The listing is to be transcribed in full, with its images left out.

■ **Dataset section**
####################

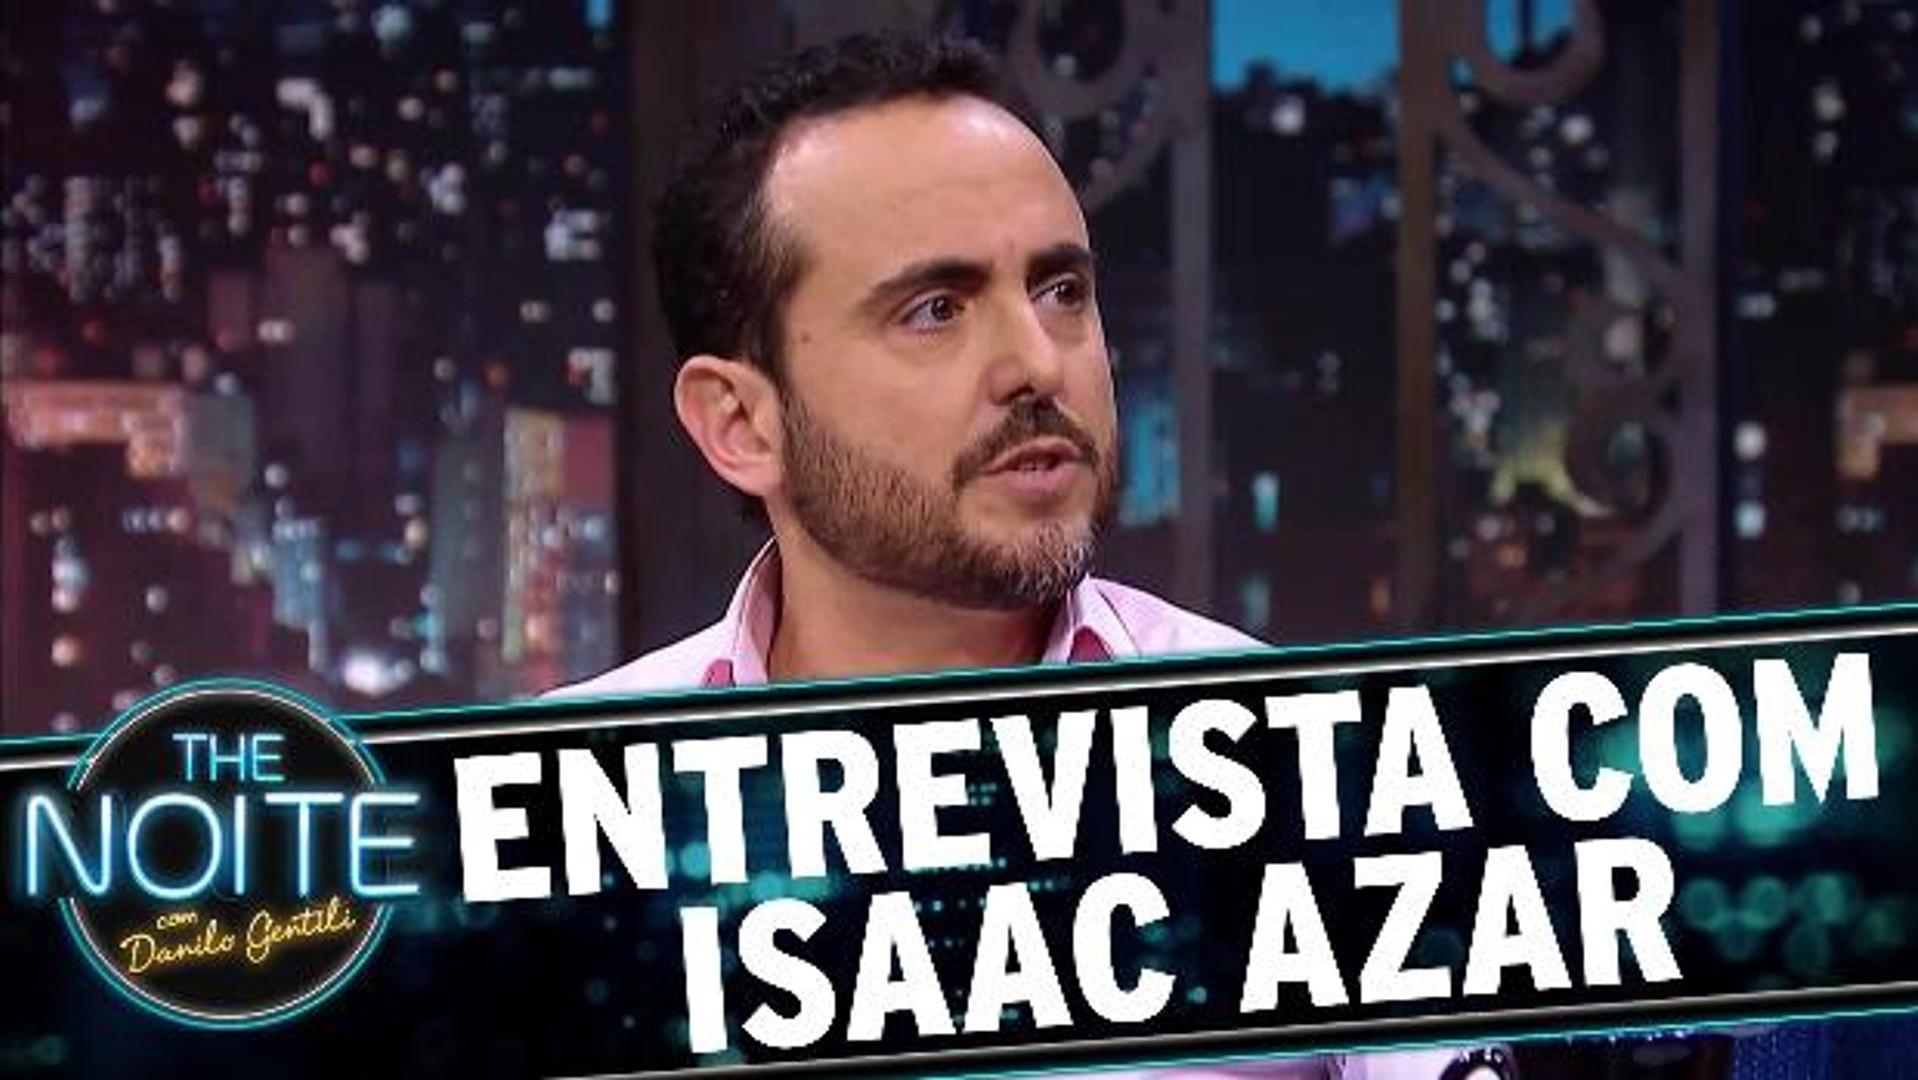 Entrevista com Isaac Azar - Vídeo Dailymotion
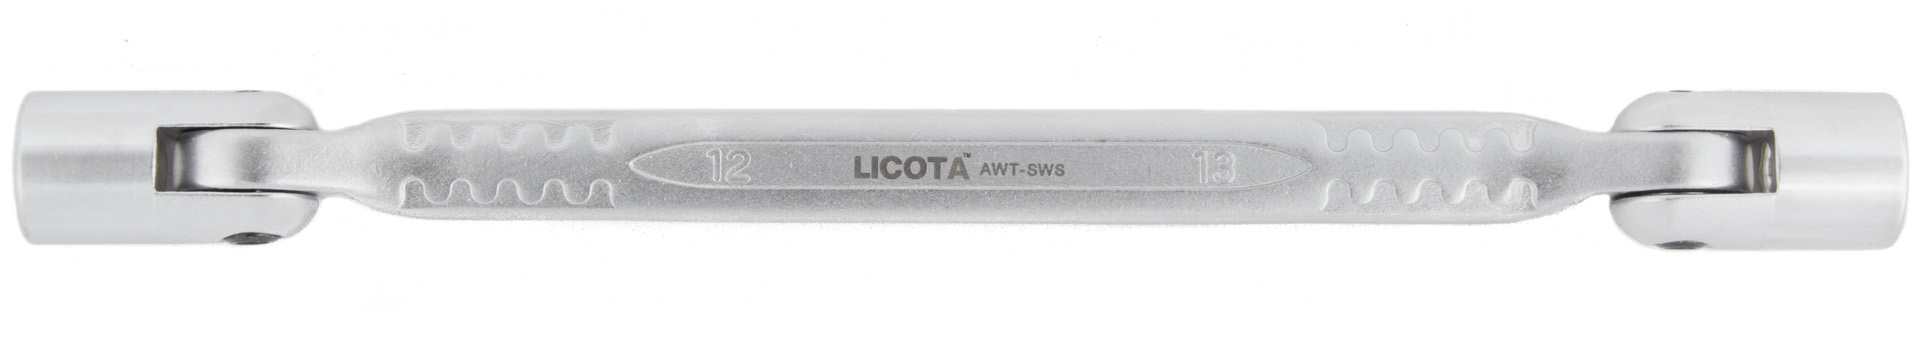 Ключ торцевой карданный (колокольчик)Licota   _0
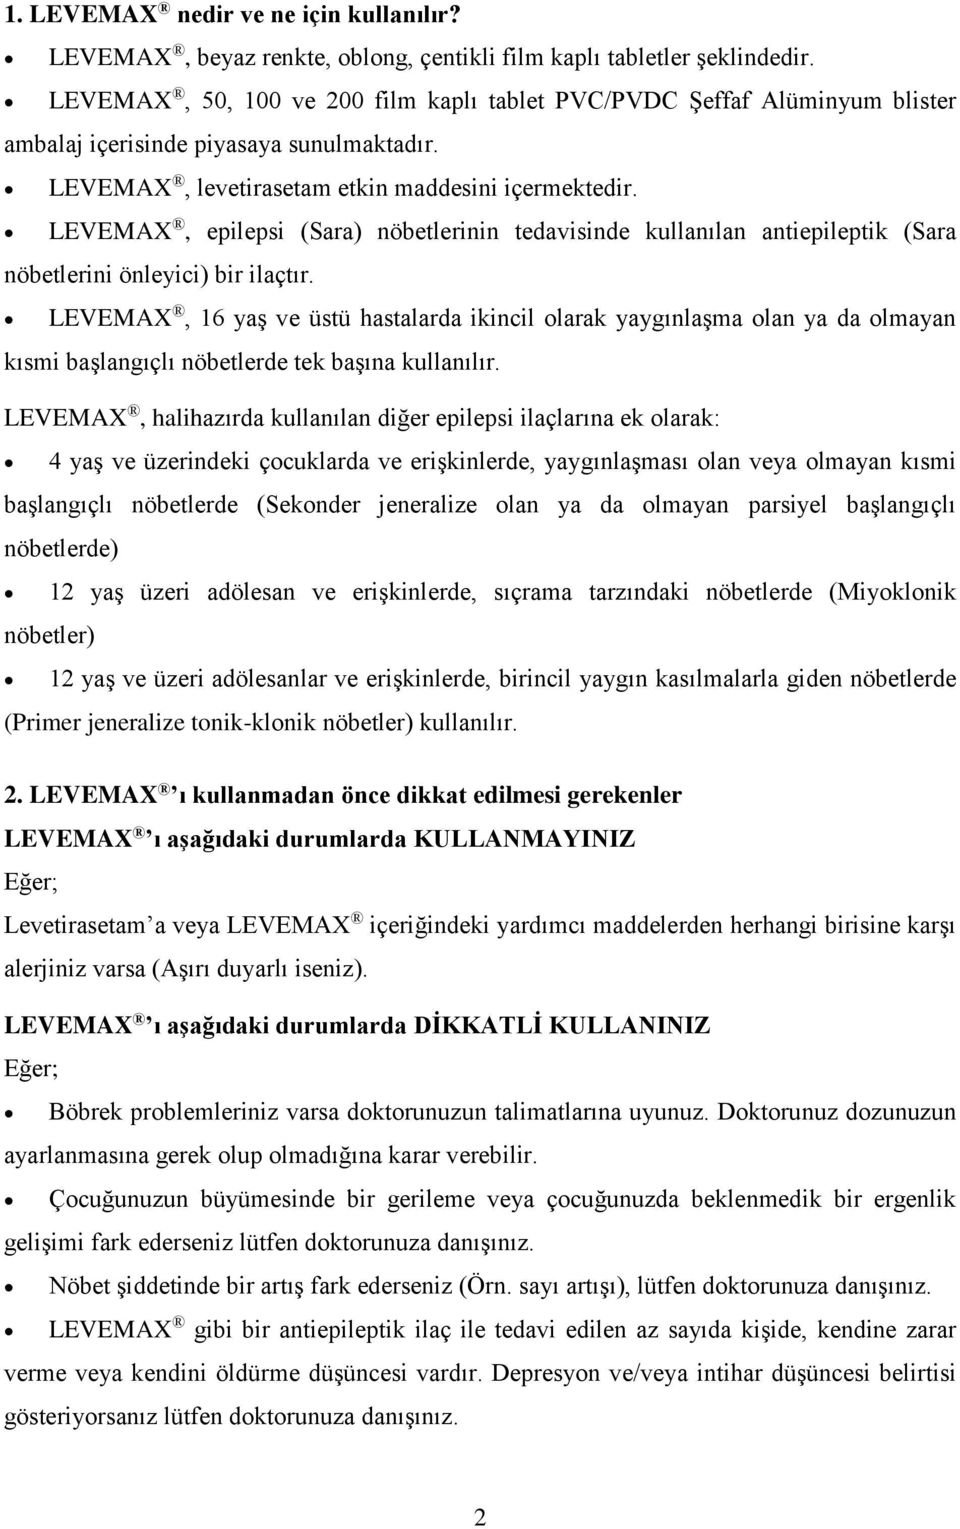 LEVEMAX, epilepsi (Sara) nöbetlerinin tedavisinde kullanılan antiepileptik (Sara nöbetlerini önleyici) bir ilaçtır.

####################

■ **Solution to this task**
 Entrevista com Isaac Azar - Vídeo Dailymotion
 Ключ торцевой карданный (колокольчик)Licota   _0
 LEVEMAX, epilepsi (Sara) nöbetlerinin tedavisinde kullanılan antiepileptik (Sara nöbetlerini önleyici) bir ilaçtır.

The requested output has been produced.